Ванюшков вбил лопату в землю и подошел к Жене.
— Читали листовку, товарищ Столярова. И в бараке с нами говорили. Решила бригада включиться в соревнование. С завтрашнего дня просим организовать участок.
Это были воронежцы, орловцы, туляки, приехавшие на строительство вслед за инженерами. Их недавно поставили на котлован.
— У вас в бригаде люди, как на подбор! Уверена, что завоюете первенство.
— Мы постараемся, — ответила рыженькая Фрося. Только чтобы и про танцы не забывали. А то натомятся наши хлопцы и танцуют, как слоны!
Все рассмеялись.
Невдалеке от бригады Ванюшкова перед щитом стоял Журба и рассматривал стенную газету, еще блестевшую мокрыми красками.
Внимание его привлекла небольшая корреспонденция, подписанная «Жало» и иллюстрированная немудреной, но смешной карикатурой. «Симулянт Сироченко из третьей бригады землекопов систематически занимается пьянкой, имеет связь с поликлиникой, вследствие чего пьет по три дня, а после пьянки является к администрации и предъявляет больничный листок, в котором указывается болезнь малярия...»
Журба усмехнулся.
Третья бригада работала на соседнем участке, и он пошел туда мимо строившейся второй доменной печи. Здесь он увидел Женю. Она также заметила его.
Первое движение — скрыться, но гордость пересилила, Женя осталась на месте.
— Здравствуй, Женя! Ну, как у вас тут?
— Ничего. Работаем.
— Газетку неплохую выпустили. Про Сироченко читал. Забавная заметка... Только неграмотная: «имеет связь с поликлиникой», ха-ха-ха!.. Решил познакомиться с симулянтом. Ты его знаешь?
— А как ты думаешь?
— Думаю, что знаешь.
— Так чего спрашиваешь?
— Я понимаю тебя, Женя, но... и ты должна понять...
— Оставь меня.
— Ладно, я пошел.
— Иди.
И когда он пошел, она громко бросила вслед:
— А разгадка-то самая обыкновенная... Ничего особенного. Мордочка, как у всех...
Он вернулся.
— Женя, это не в твоем стиле. Ты серьезная девушка. Зачем так, по-обывательски?

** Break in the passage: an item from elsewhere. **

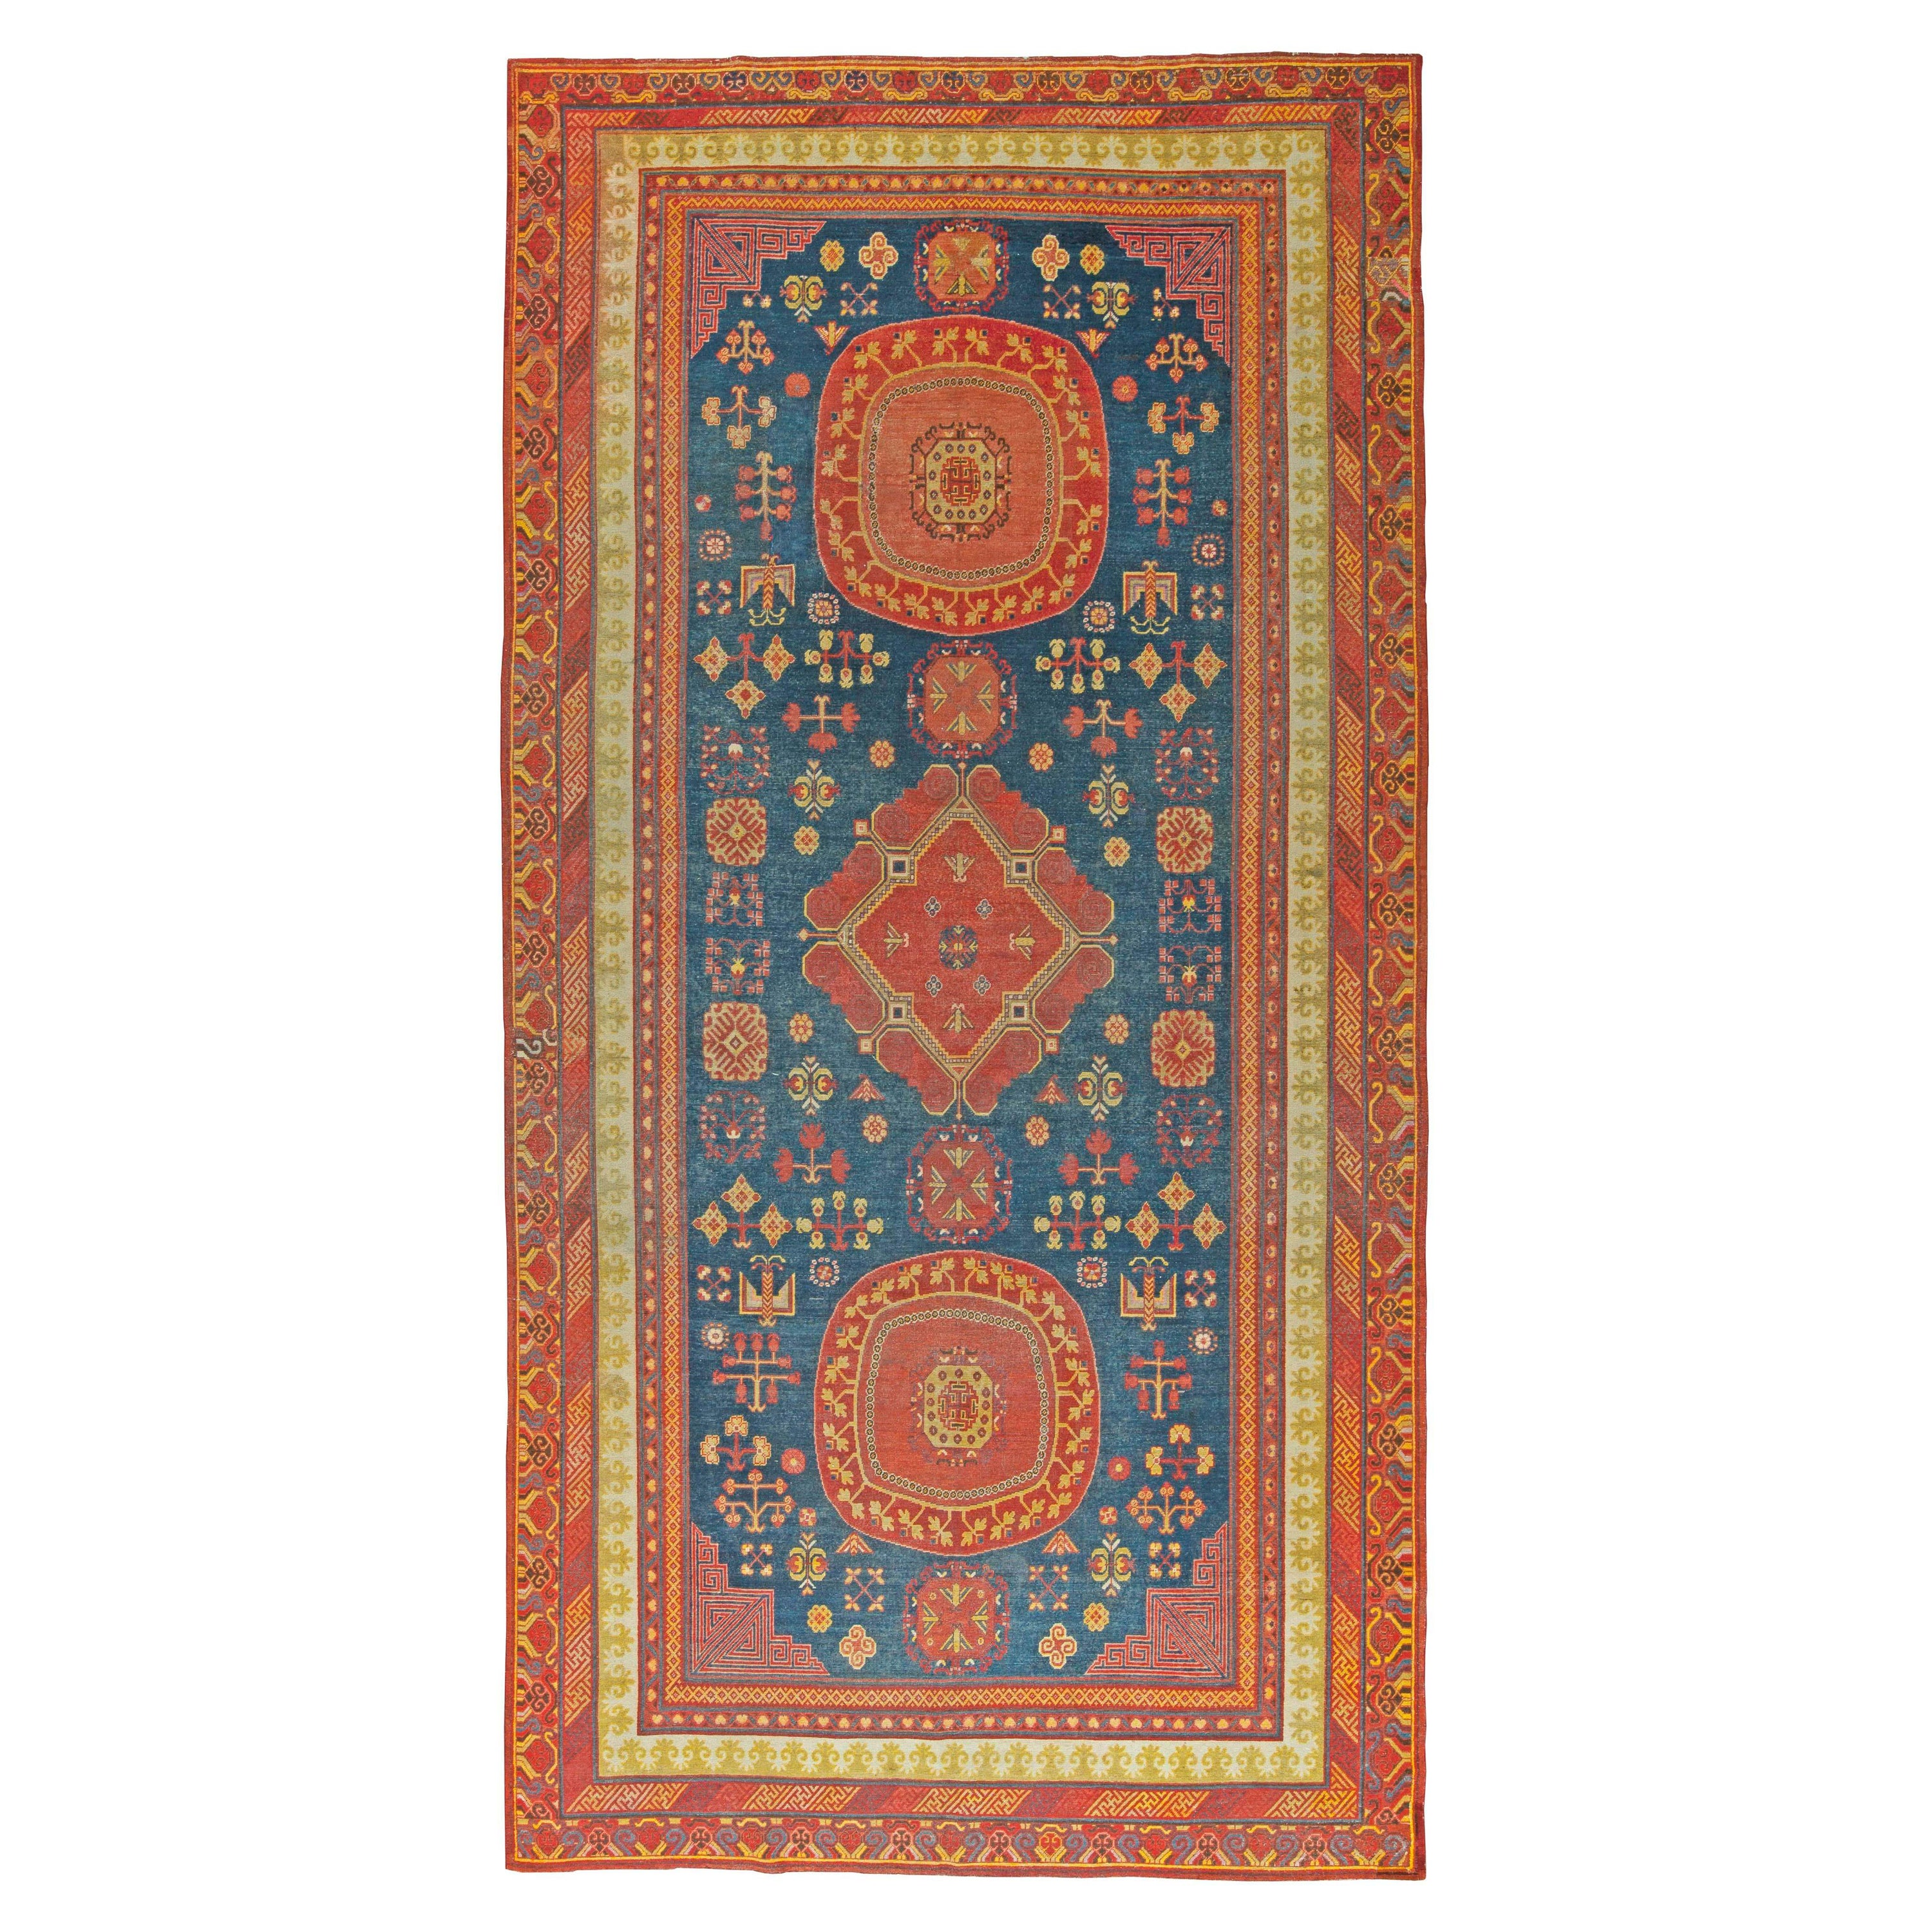 19th Century Samarkand Red and Blue Handmade Rug
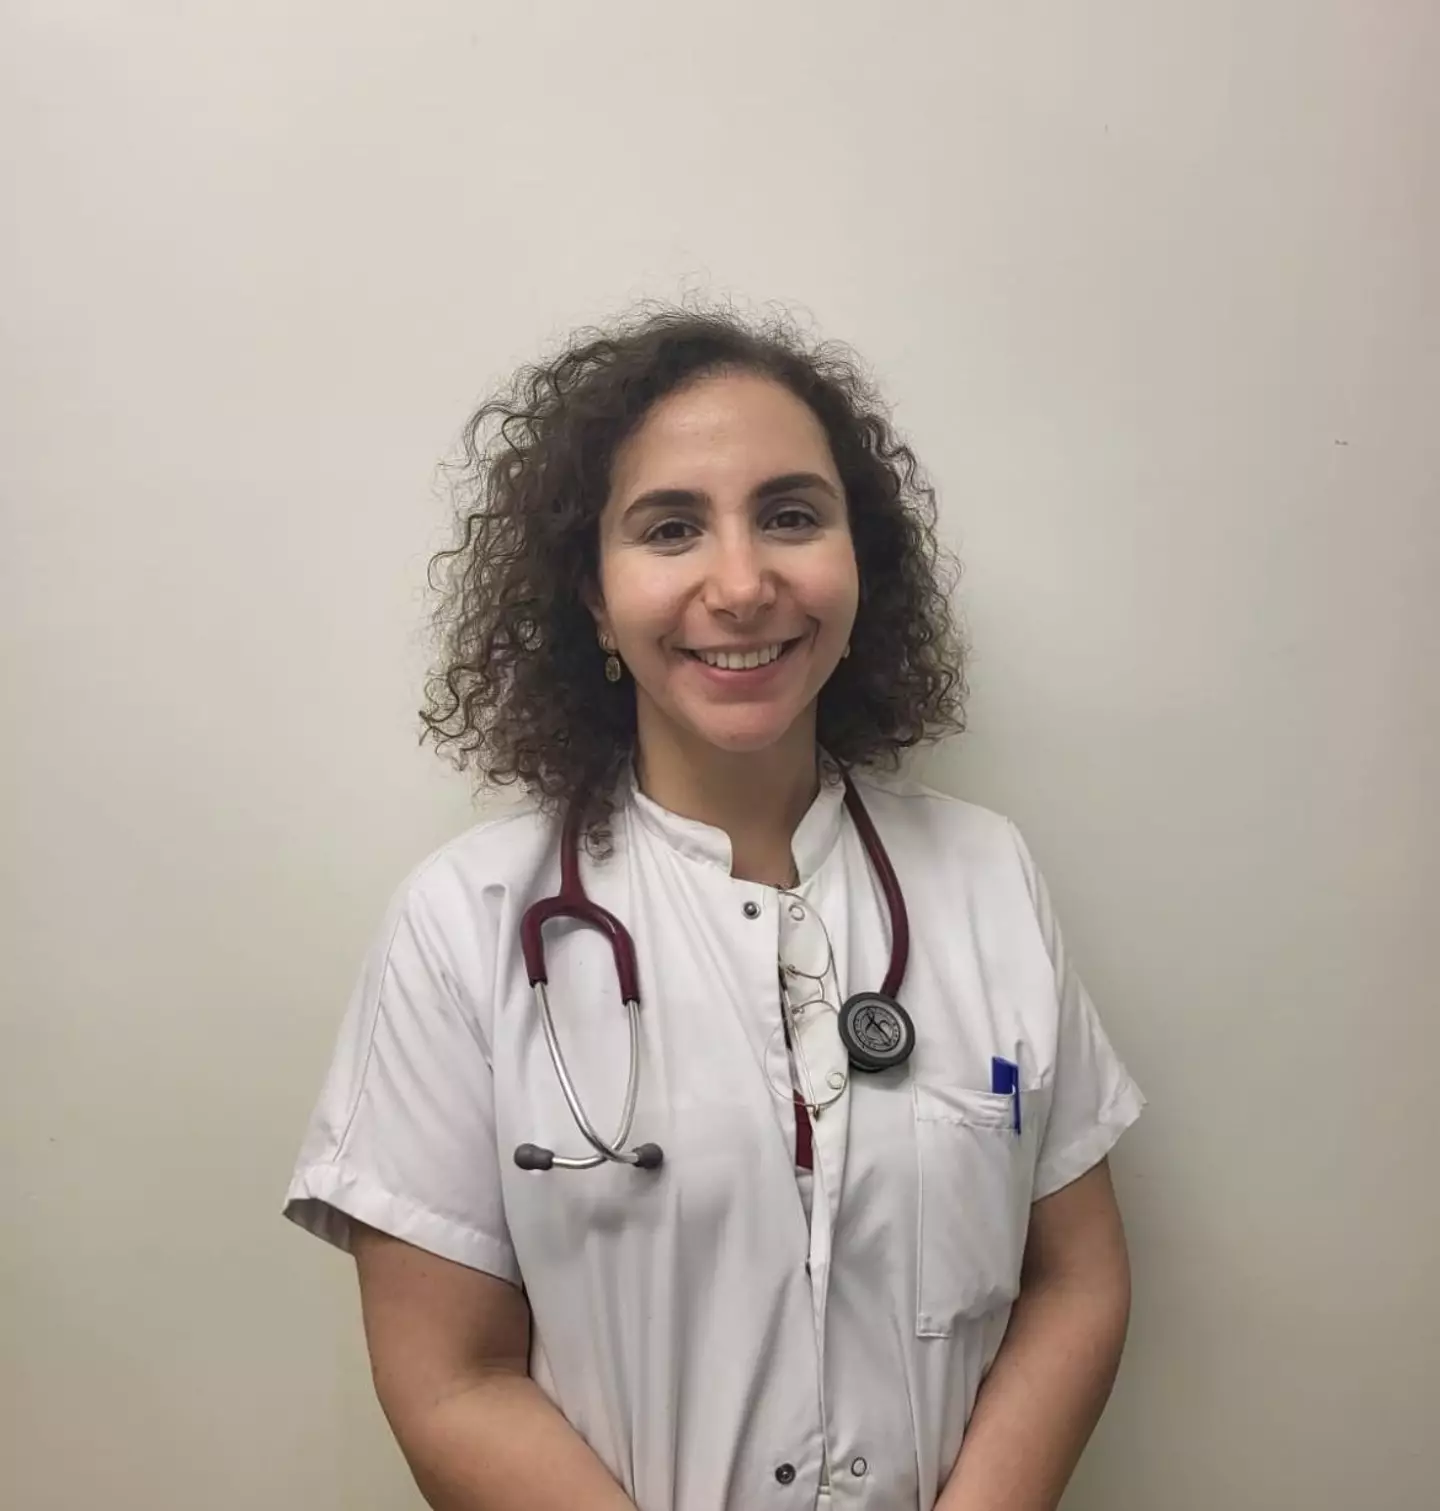 Rita Badaoui now works as a cardiologist in Marseilles. (Rita Badaoui)

— А что? Разве неправда? Я ошиблась. Прости. Конечно, она лучше. У нее нет рваной щеки, как будто я виновата... И она инженер... А я — девчонка...
Слезы вот-вот могли прихлынуть к глазам, веки отяжелели, и Женя резко отвернулась. Он взял ее за руку.
— У нас с тобой, Женя, есть чем дорожить. Я никогда не забуду наших дней. Два года работали вместе, были, как брат с сестрой. Ты мне, может быть, самый близкий человек на площадке. Помню — и как ехали, и как жили в бараке, и как ты приходила поздним вечером одна в тайгу. Все помню. И ничто не изгладит этих воспоминаний. Но у нас не получилось того, что могло получиться. Не знаю почему. Разве тебя нельзя любить? Разве ты не можешь принести счастья? Но у нас не вышло. И никто в этом не повинен... У нас с тобой разлучницы нет и не было. Не соединила нас с тобой жизнь. И давай останемся друзьями. Твой уголок в моей душе никто не займет. И против Нади ты ничего не должна иметь. Она ничего не знает. И пусть ничего не узнает. И нам незачем ее печалить.
— Все? — спросила Женя.
— Сердишься?
— Нет. Я счастлива. Я рада... Я готова вспорхнуть вон под то облачко и запеть, как жаворонок...
— Не думай ни о чем дурном. У меня к тебе все самое хорошее.
— До свидания. Привет твоей красавице! — и Женя побежала к бригаде Ванюшкова.
— Что у вас тут произошло ночью? — спросил Журба бригадира Белкина, рассудительного, средних лет человека, придя на его участок.
Белкин молчал.
— Какая-то, извините, контра закопала тачки и обвалила края котлована...
— Чорт знает что творится. Кого подозреваешь?